Our systematic search across four databases yielded 578 articles. After screening titles, abstracts, and full texts using predefined criteria, 20 studies were assessed for eligibility, and 11 studies were included in the final meta-analysis (Fig. 1). We excluded Huerta-Reyna et al for using AI-assisted tools outside the scope of our review (27) and Shi et al focusing on recurrence prediction post-ERCP (28). Studies by Huang et al and Wang et al which assessed the complexity of stone extraction rather than CDL prediction, were also excluded (29,30). Li et al's study focused on visualization enhancement of biliary pathology, rather than stone prediction, which was similarly omitted (31). Akabane et al's large multi-center study was excluded due to missing sensitivity, specificity, and other key diagnostic metrics (32). Additionally, studies applying AI solely to imaging without biochemical or clinical data were excluded (31,33,34).

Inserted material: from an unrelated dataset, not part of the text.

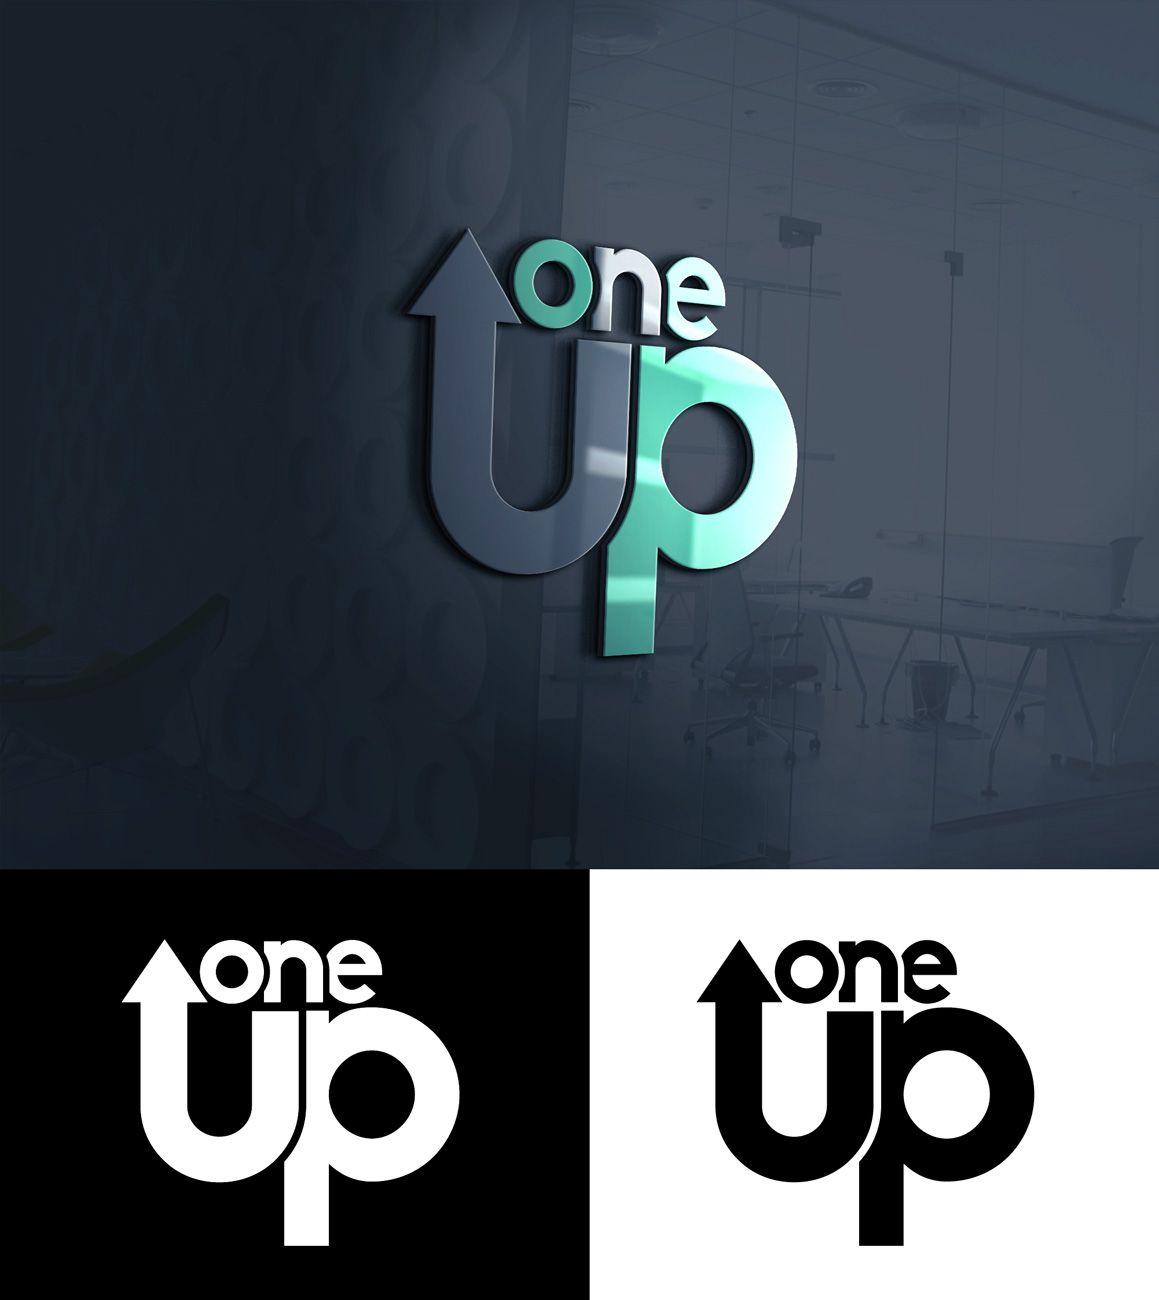 1UP Logo - Modern, Playful, Bank Logo Design for 1 UP or One Up

The 11 included studies encompassed over 7,000 patients evaluated with MLMs. Most studies benchmarked MLM performance against the ASGE guidelines (2010 or 2019 versions) (7,35), while several also compared their models to logistic regression, support vector machines (SVMs), and k-nearest neighbors (KNN) algorithms, enhancing data robustness. Table I summarizes AI models, comparators, patient numbers, sensitivity, specificity, mean age, sex ratio, PPV, NPV, TP, TN, FN, accuracy, AUC, number of input variables, and CBD diameter cut-off values. Input variables varied, incorporating laboratory markers (total bilirubin (TB), alanine aminotransferase (AST), alanine transaminase (ALT), imaging features (CBD dilation, ductal stones), and clinical characteristics. Seven studies compared their models against ASGE criteria and additional classifiers such as logistic regression, CART, and KNN.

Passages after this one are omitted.